Pascal Manoukian situe ce roman dans l’Oise. Un couple de jeunes quarantenaires voit sa vie basculer le jour où les usines, dans lesquelles ils travaillent, décident pour l’une de délocaliser et pour l’autre de vendre aux Chinois. Le chômage et les conséquences qu’il entraîne, à savoir l’isolement, le déclassement social, l’humiliation, le désespoir, sont décrites avec réalisme et, comme tout ce qu’écrit cet auteur, avec humanité.
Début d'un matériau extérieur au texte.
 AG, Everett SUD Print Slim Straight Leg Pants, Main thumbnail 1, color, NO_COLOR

Il dénonce avec conviction les conditions de vie des ouvriers à l’heure de la mondialisation, il met le doigt là où ça fait mal, il éclaire les zones d’ombre, il redonne vie à ceux que la société broie. Ce genre de roman est indispensable, il permet aux lecteurs de sortir la tête du sol pour prendre conscience de la violence des inégalités sociales.
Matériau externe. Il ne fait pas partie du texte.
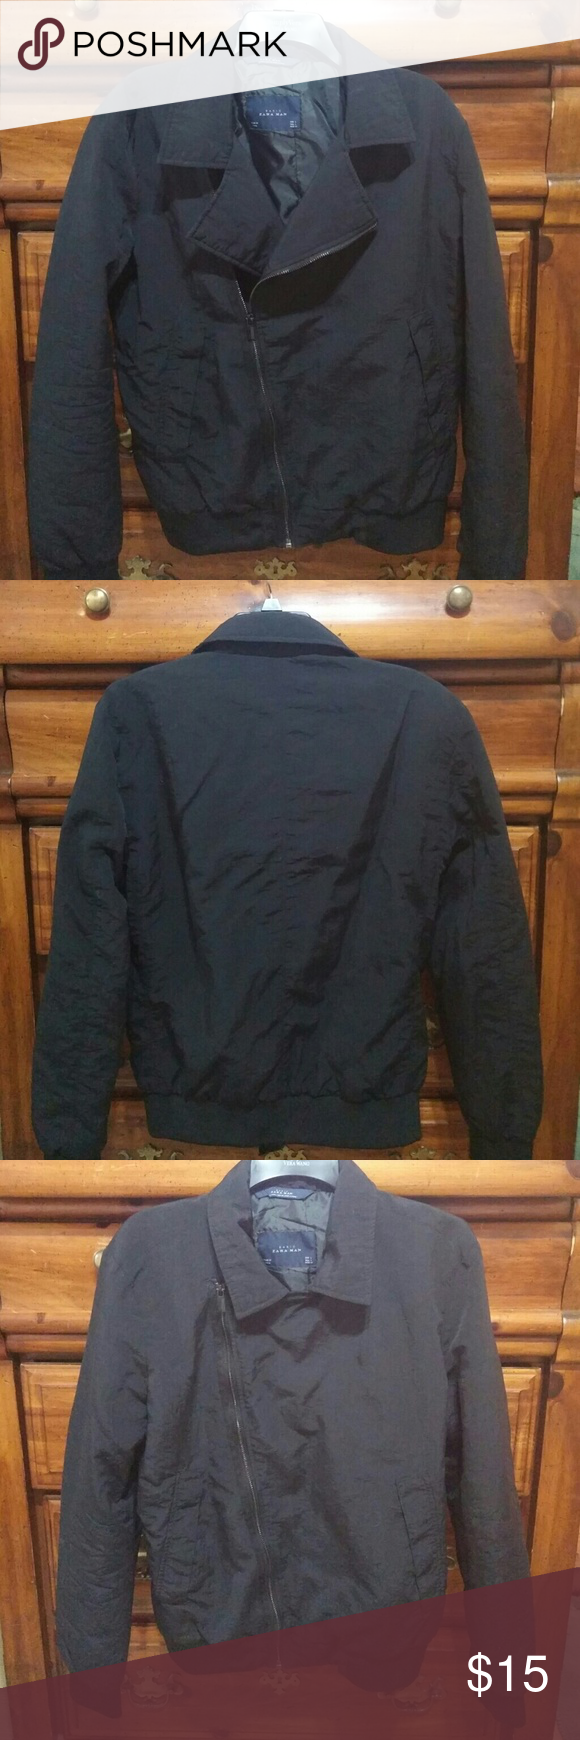 "Zara Man Black Oversized Jacket sz L Beautiful comfy oversized Zara Man Black Jacket. In clean like new condition. Has side pockets with one inside pocket. Pit to Pit 22"", Length About 26"", Zipper Length 22"". Zara Jackets & Coats Utility Jackets"

Le style est toujours aussi fluide et certaines réflexions sont percutantes, les mots choisis avec soin. C’est un régal de lecture.
Après deux romans sur l’immigration, Pascal Manoukian poursuit sa dénonciation de notre société d’égoïstes, dans laquelle les plus riches s’enrichissent, et les plus pauvres s’appauvrissent. D’ailleurs quand les nantis perdent leur emploi, il leur reste toujours quelque chose (des placements, des maisons secondaires…), quand les moins fortunés le perdent, ils perdent leur vie, puisqu’ils n’ont aucun lapin à sortir de leur chapeau.
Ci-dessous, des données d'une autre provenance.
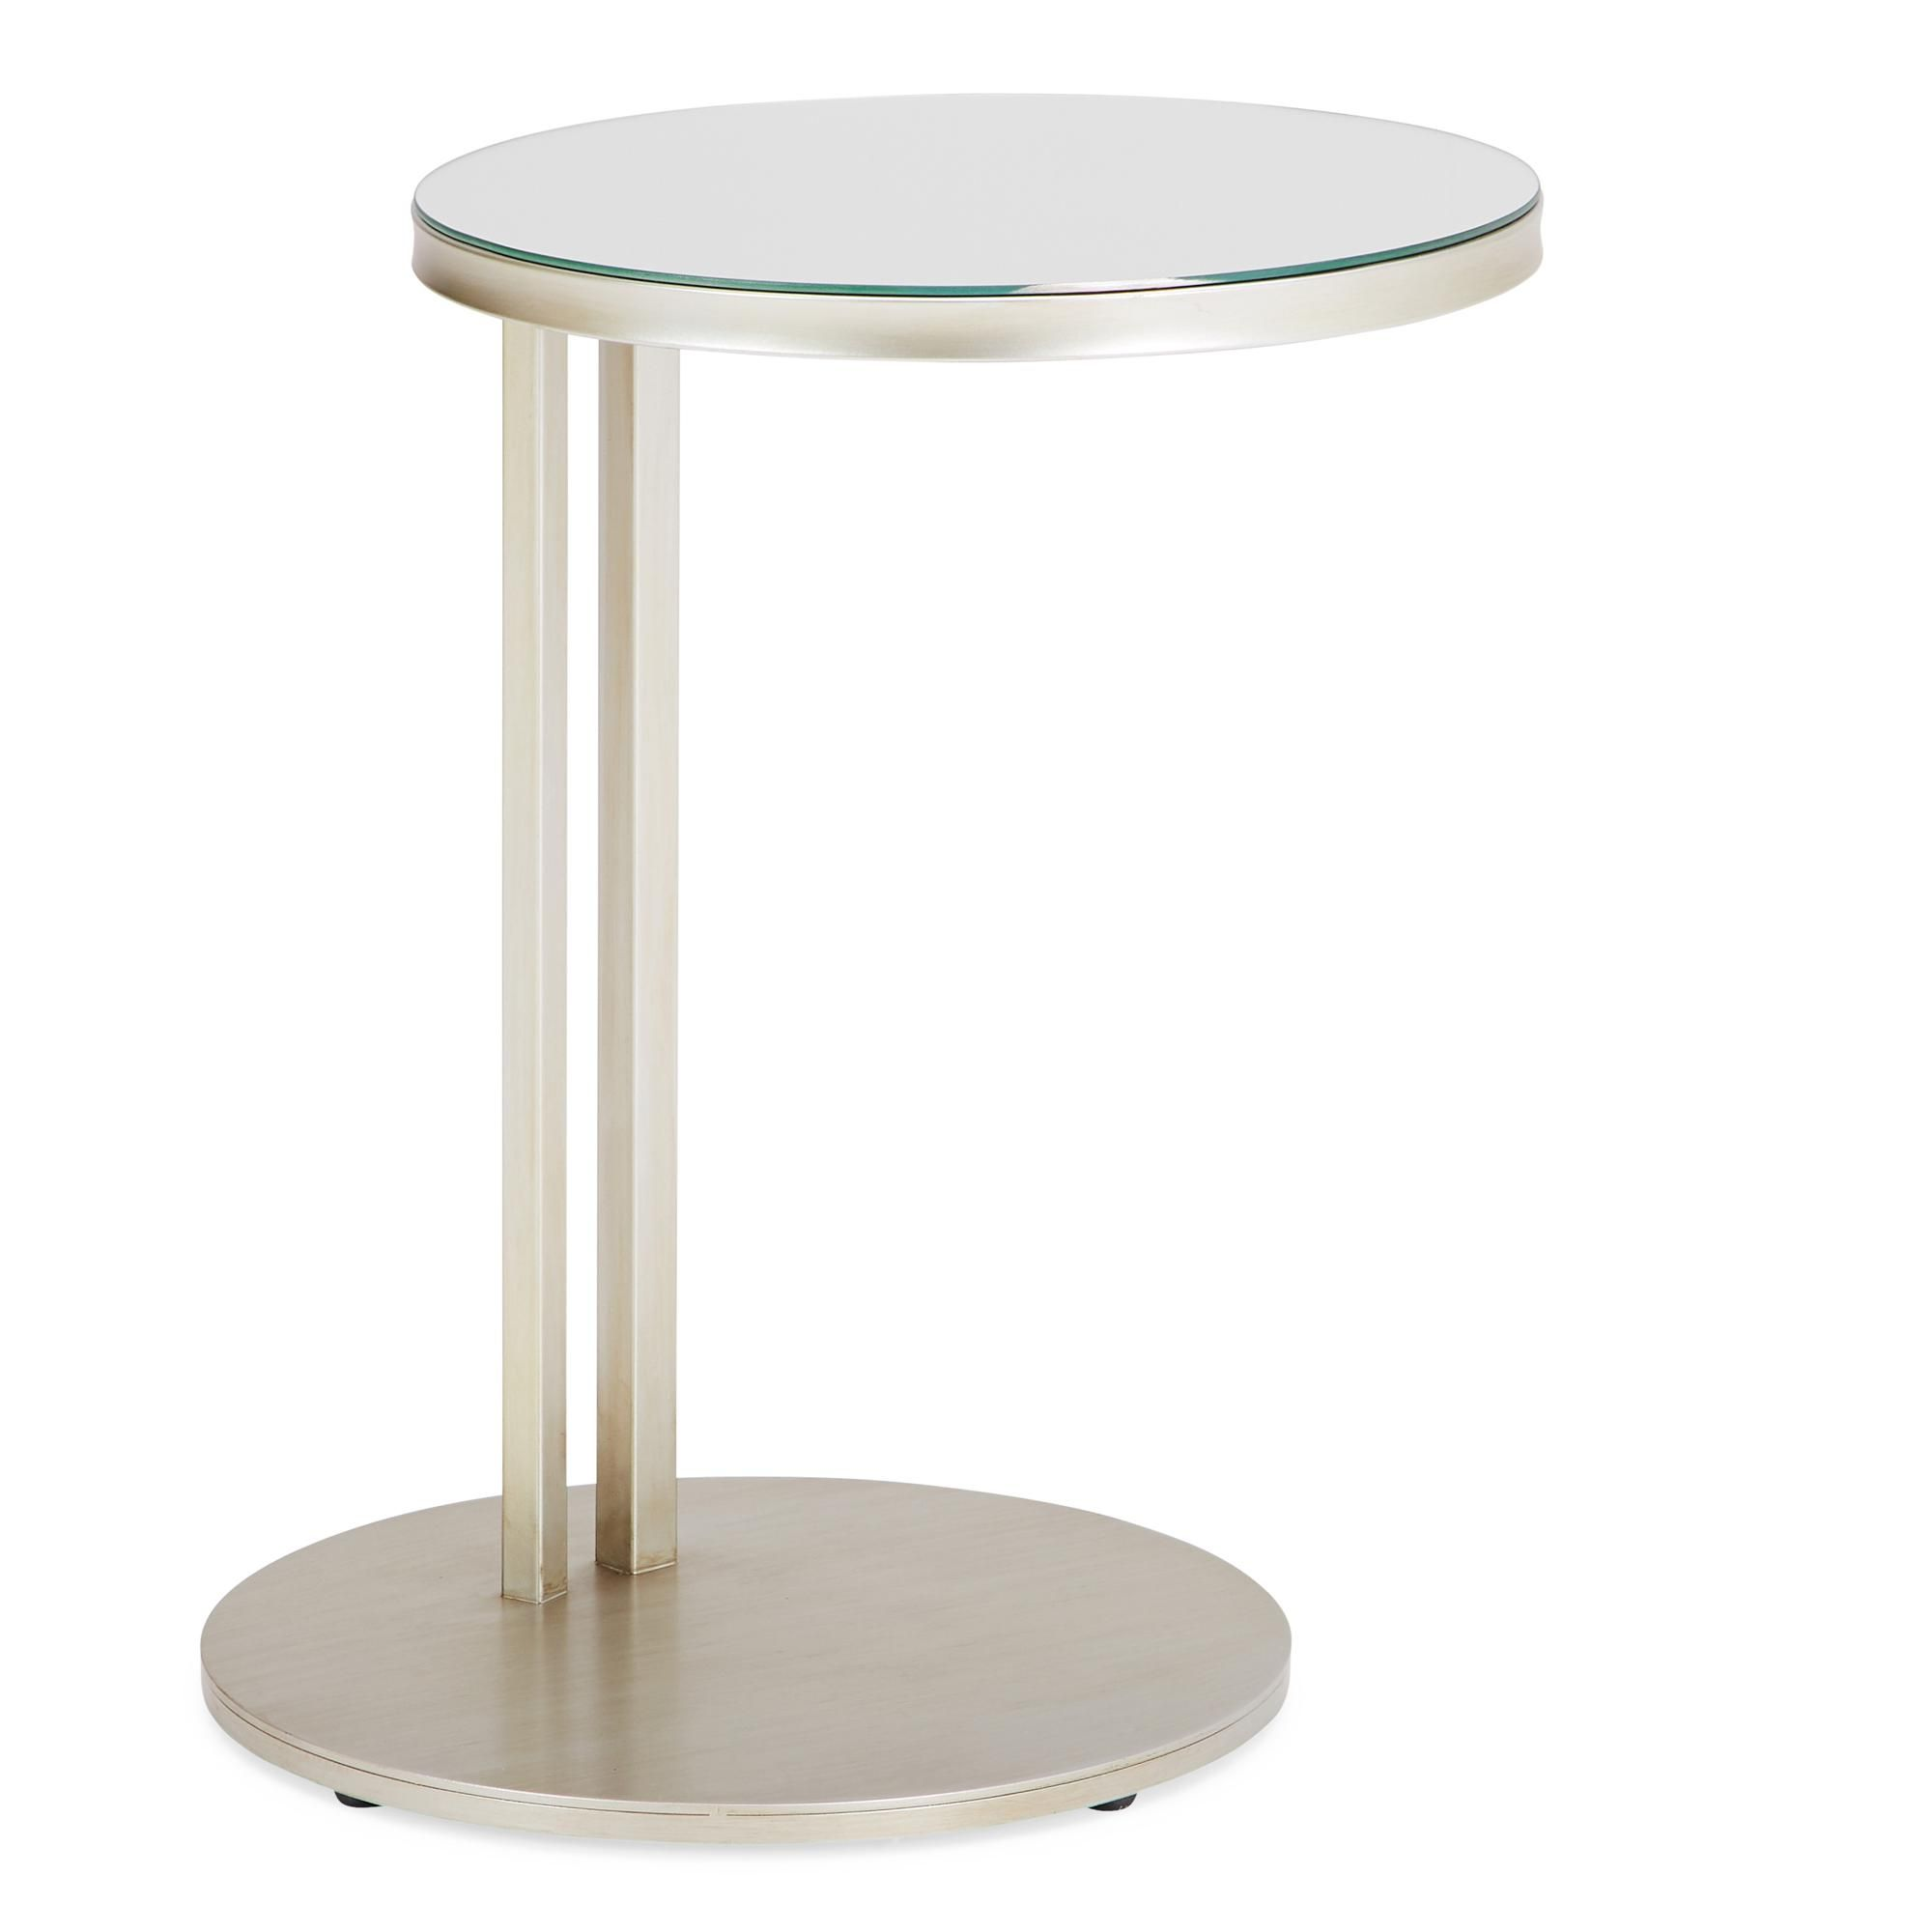 Mara Round Side Table Round Side Table Table Side Table Decor

L’originalité de ce roman réside dans la nature des personnages. Les parents pour protéger leurs enfants, inventent mille et un stratagèmes, les laissent rêver, ils souhaitent à tout prix les préserver. Ils se lancent aussi dans une action digne de Robin des bois. Cela donne au roman un côté burlesque qui ne m’a pas déplu, j’ai souri à plusieurs reprises alors que la situation générale est plutôt dramatique, et il y a même un petit côté poétique lorsqu’ils emmènent leur fils en voyage…
Loin de la littérature française autofictionnelle, Pascal Manoukian est une voix importante, parce qu’il allie la qualité d’écriture au récit nécessaire.
J’ai pensé à l’excellent Les vivants et les morts de Gérard Mordillat, pour le côté roman social. Le paradoxe d’Anderson apporte cependant un ton différent. Et le titre me direz-vous ? Et bien il suffit de lire le livre, si on n’est pas économiste, pour le comprendre. D’ailleurs, l’auteur égrène des théories économiques tout au long de son roman, qui font écho à la situation, par l’entremise des révisions pour le BAC ES de la fille du couple.
J’ai avalé ce livre en une journée, avide d’en connaître la fin. Je n’ai pas été déçue, je la souhaitais ainsi, je ne peux en dire davantage. Le choix final d’alterner deux événements est remarquable, c’est une conclusion en apothéose.